Секвенирование полного экзома

Вся наша ДНК состоит примерно из 20 000 генов. Гены упакованы в хромосомы. У человека обычно 23 двойных хромосомы или всего 46 хромосом. Вся эта коллекция ДНК называется геномом. Исследование упакованного состояния, а именно хромосом, проводится цитогенетическими методами Медицинской Генетики.
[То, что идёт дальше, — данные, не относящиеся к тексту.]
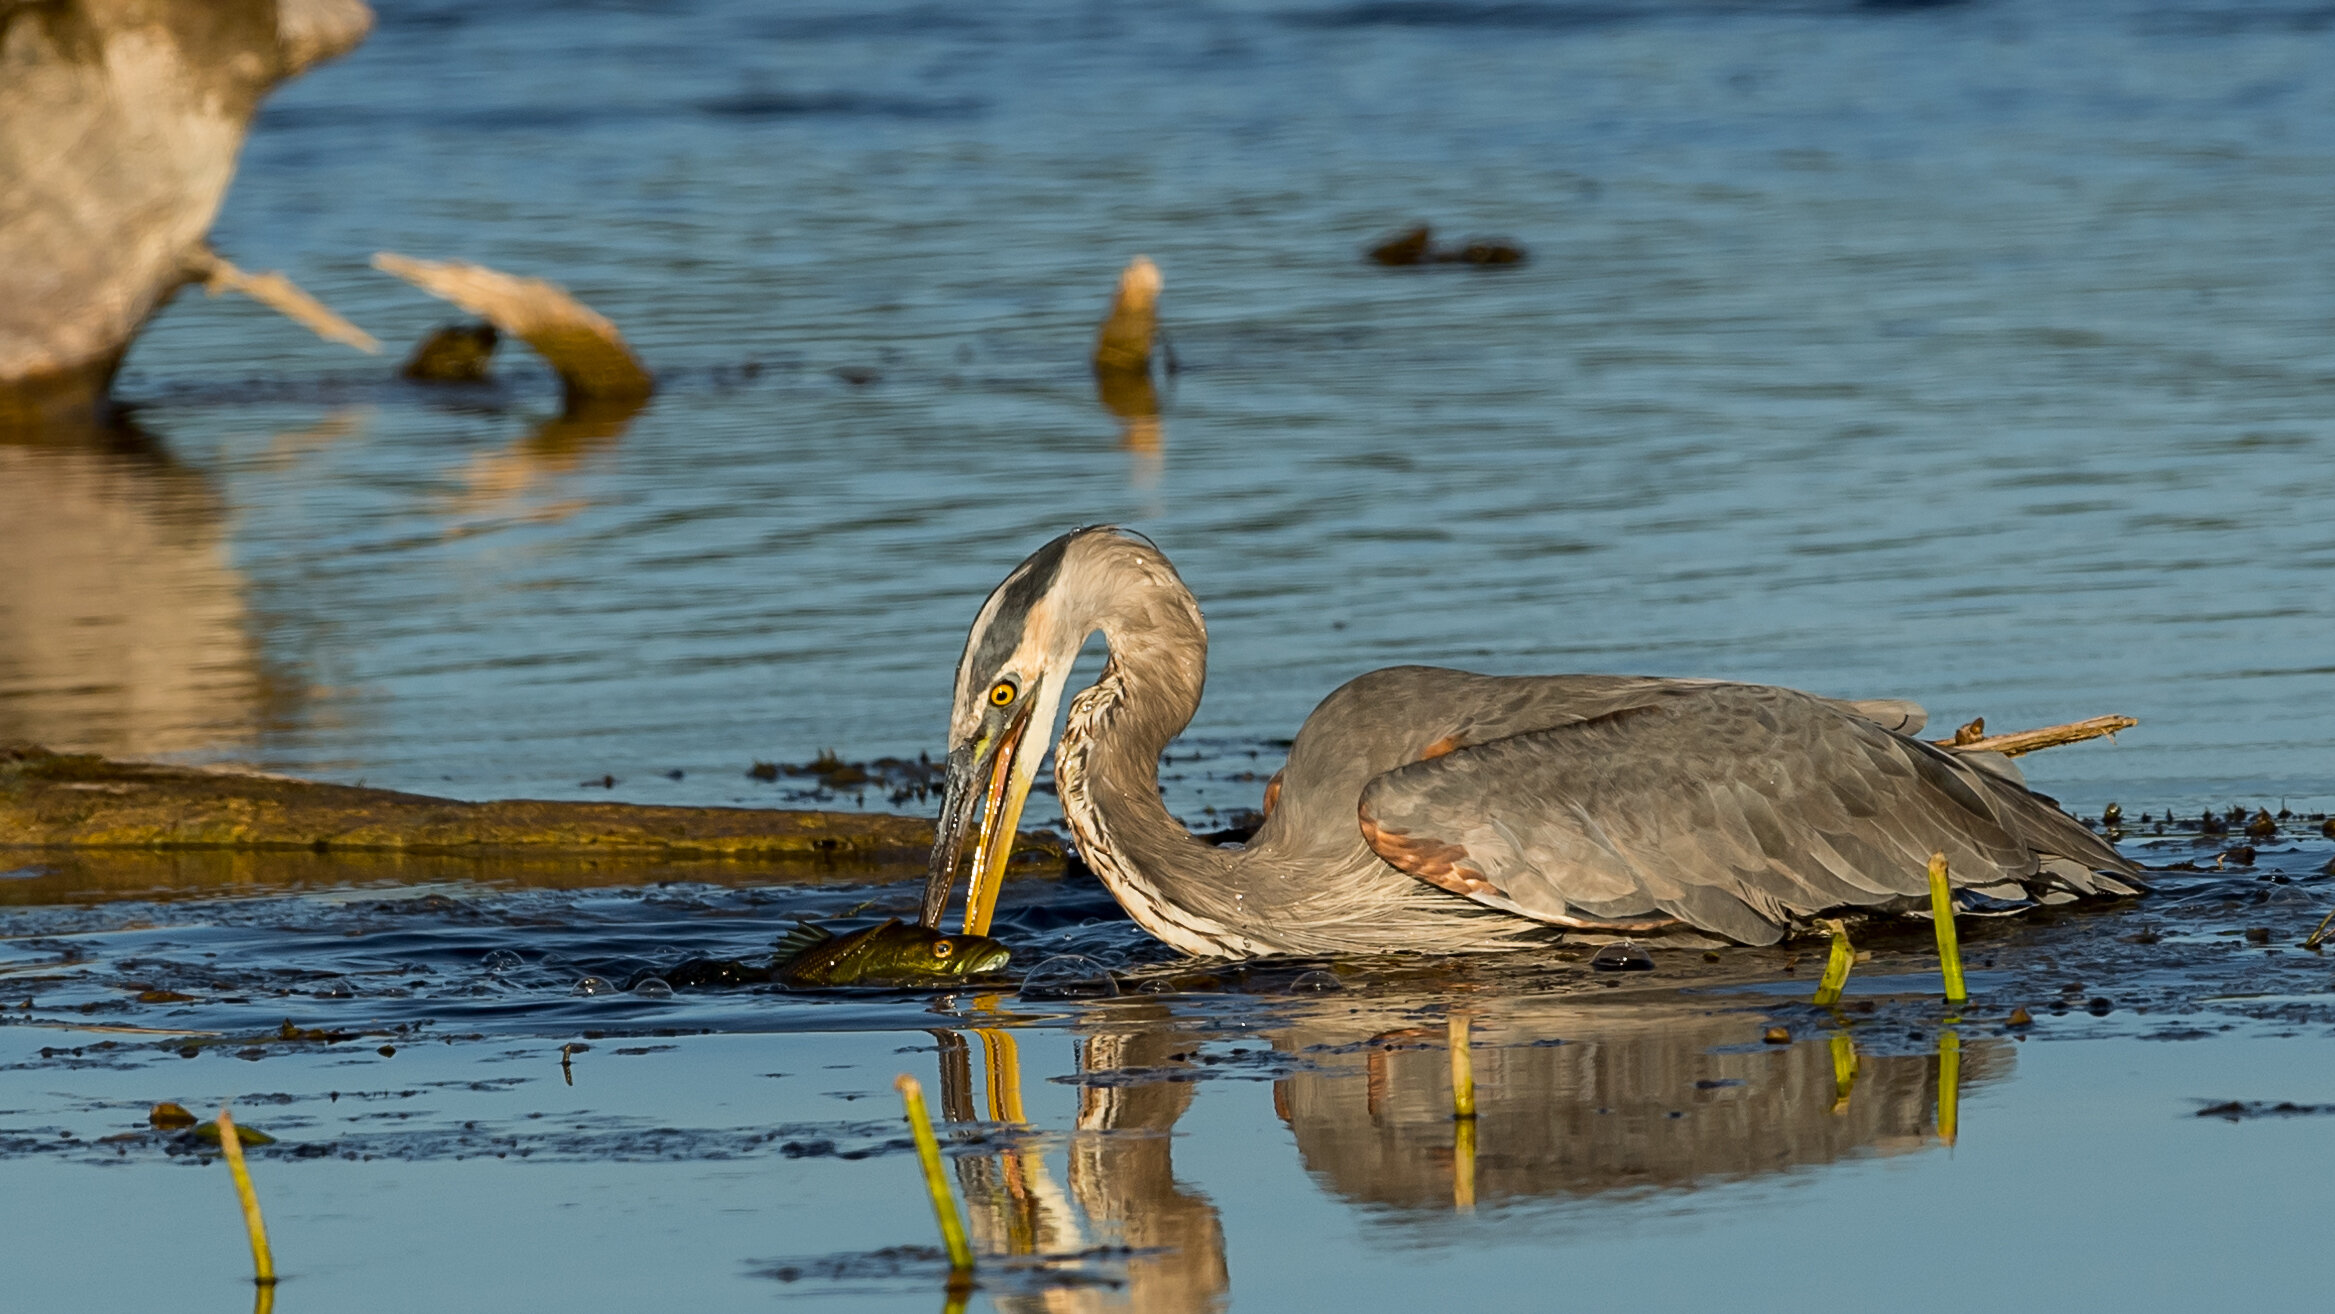 015 The Heron has stabbed a fish and starts to bring it to the surface.jpg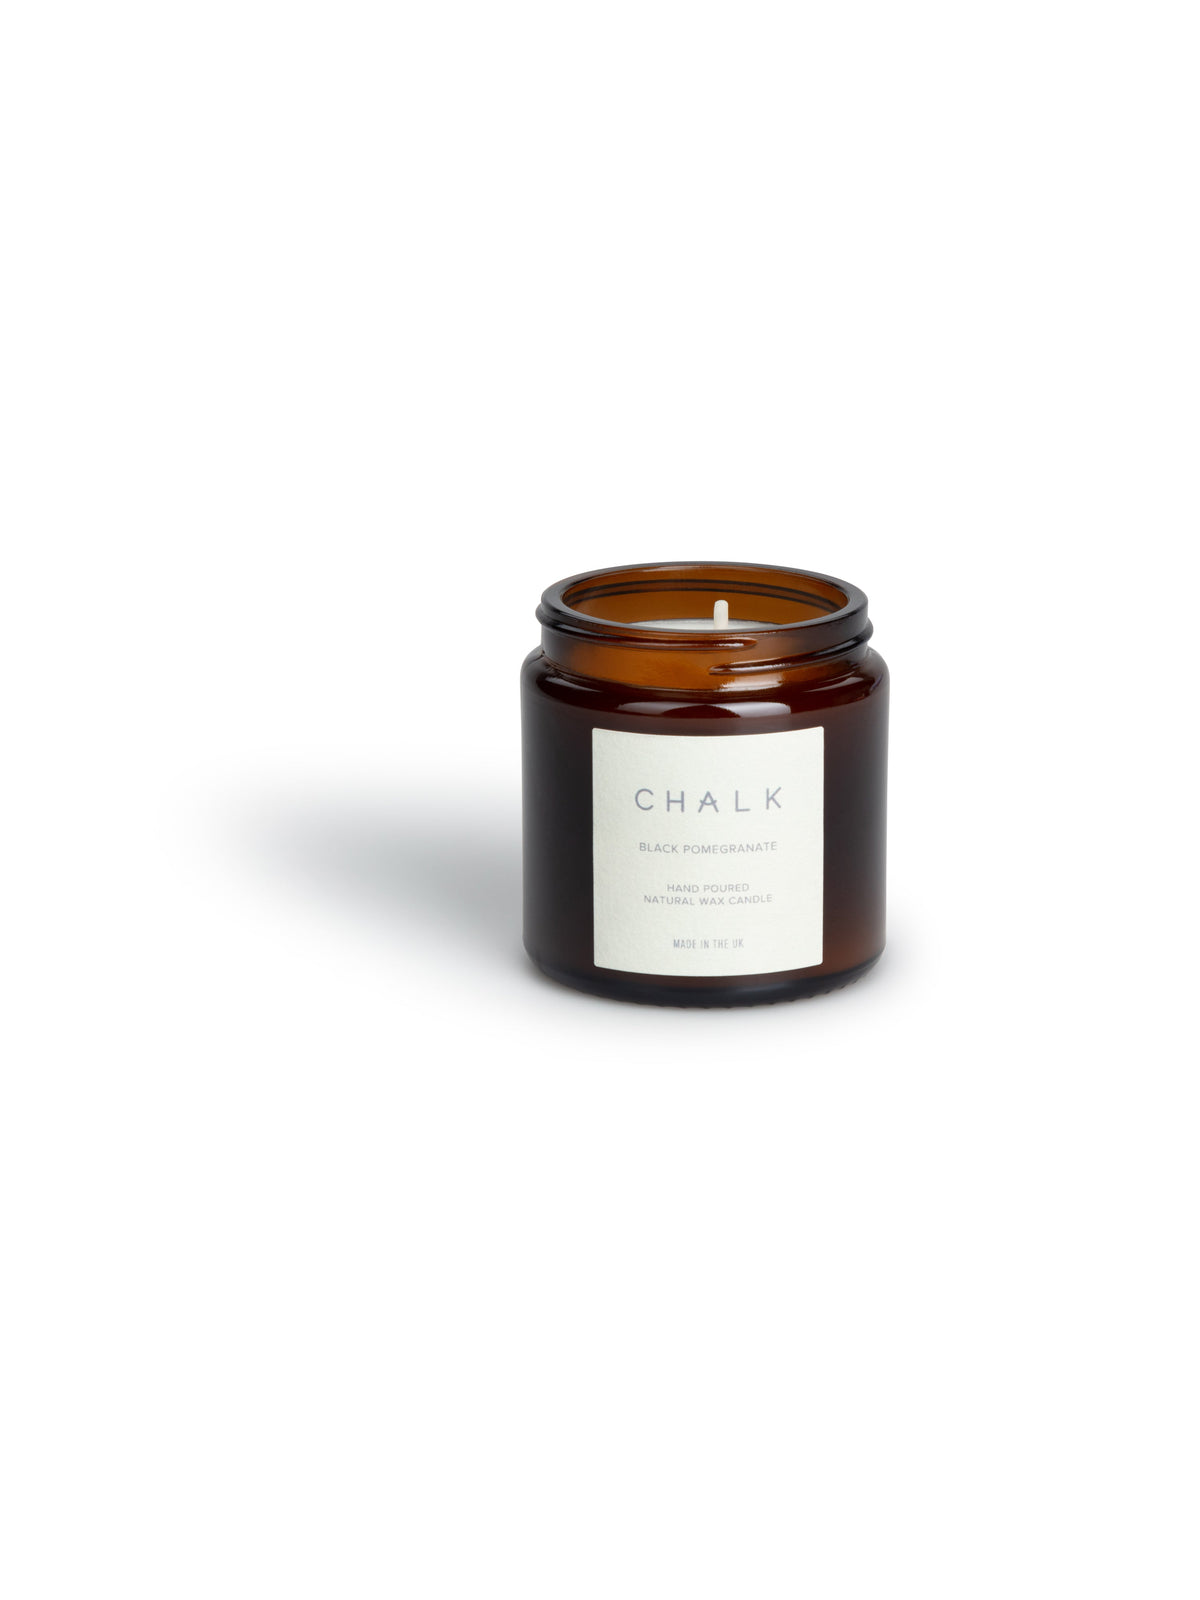 Amber Glass Apothecary Jar Candle | Black Pomegranate | 96g

Нефункционирующие гены могут вызывать заболевания. Существуют разные способы изучения ДНК. Обычно используется технология, называемая секвенированием. Секвенирование «считывает» каждую букву ДНК и находит изменения (вариации или мутации) в наших генах, которые могут вызвать заболевание или повлиять на риск заболевания. Так называемый метод секвенирования ДНК — это передовой метод, используемый для проверки генетических нарушений в последовательности строительных блоков ДНК (нуклеотидов/оснований) в генетическом коде человека. Существует два метода выявления генетических вариаций в последовательности ДНК человека или пациента. К ним относятся: все экзогенное секвенирование (WES) и секвенирование всего генома (WGS). Он все чаще используется в службах здравоохранения и научных исследованиях; Оба метода основаны на новых технологиях, позволяющих быстро секвенировать большое количество ДНК. Эти подходы известны как секвенирование следующего поколения (NGS).

Первоначальная технология секвенирования (имя ученого, разработавшего ее, Фредерика Сэнгера), названная последовательностью Сэнгера, была открытием, которое помогло ученым идентифицировать генетический код человека, но это было трудоемко и дорого. Метод Сенгера был автоматизирован, чтобы сделать его быстрее, и теперь используется для сортировки коротких фрагментов ДНК в лабораториях, но секвенирование может занять годы, чтобы обработать ДНК человека (известную как геном человека). NGS ускорил процесс (для человека WGS), снизив при этом стоимость.

Благодаря следующему поколению секвенирования теперь можно секвестрировать большие объемы ДНК, например, все части всего генома или ДНК человека, что дает указание белку производить белок — за короткое время и по доступной цене.

Все экзогенное секвенирование представляет собой секвенирование всех экзосом, которые кодируют весь белок экзома, то есть белок, который, как считается, составляет 1% генома. Этот метод позволяет изучать генетические вариации (мутации) в кодирующей белок области всех генов, а не только нескольких выбранных генов. Поскольку большинство известных мутаций, вызывающих заболевание, происходят в экзонах, считается, что любое экзогенное секвенирование является эффективным методом выявления возможных мутаций, вызывающих заболевание.

С помощью секвенирования всего генома можно внимательно изучить большую часть генетической информации путем секвенирования или «считывания» всех оснований ДНК (генома). Последовательность всего генетического кода человека называется секвенированием всего генома. Исследователи обнаружили, что вариации ДНК в интронных областях между экзонами за пределами экзона могут влиять на активность генов и выработку белка и могут приводить к генетическим дефектам. Этот метод рекомендуется в тех случаях, когда вся экспозиция выполнена и результаты в норме.

Секвенирование генов или областей-мишеней. Поскольку геном намного больше, экзом можно секвенировать с меньшими затратами и на большей глубине (количество прочтений конкретного нуклеотида). Большая глубина обеспечивает большую уверенность в редко обнаруживаемых низкочастотных или впервые выявленных изменениях. В некоторых случаях могут использоваться специальные панели, в которых генные панели содержат ряд выбранных генов, связанных с заболеваниями, ранее подозреваемыми врачом, или мутациями, способствующими формированию заболеваний. Секвенирование выбранных генов и областей-мишеней может быть секвенировано с меньшими затратами и даже с большей глубиной из-за более коротких показаний.

В то время как с помощью полного экзокринного секвенирования и секвенирования всего генома можно обнаружить больше генетических изменений, чем секвенирование гена или областей-мишеней, важность большинства этих изменений неизвестна. Поскольку все генетические изменения не влияют на здоровье, трудно предсказать, связаны ли определенные варианты с заболеванием.

Весь экзом и все секвенирования генома, которые приводят клиницистов к постановке диагноза, также являются ценными инструментами для исследователей.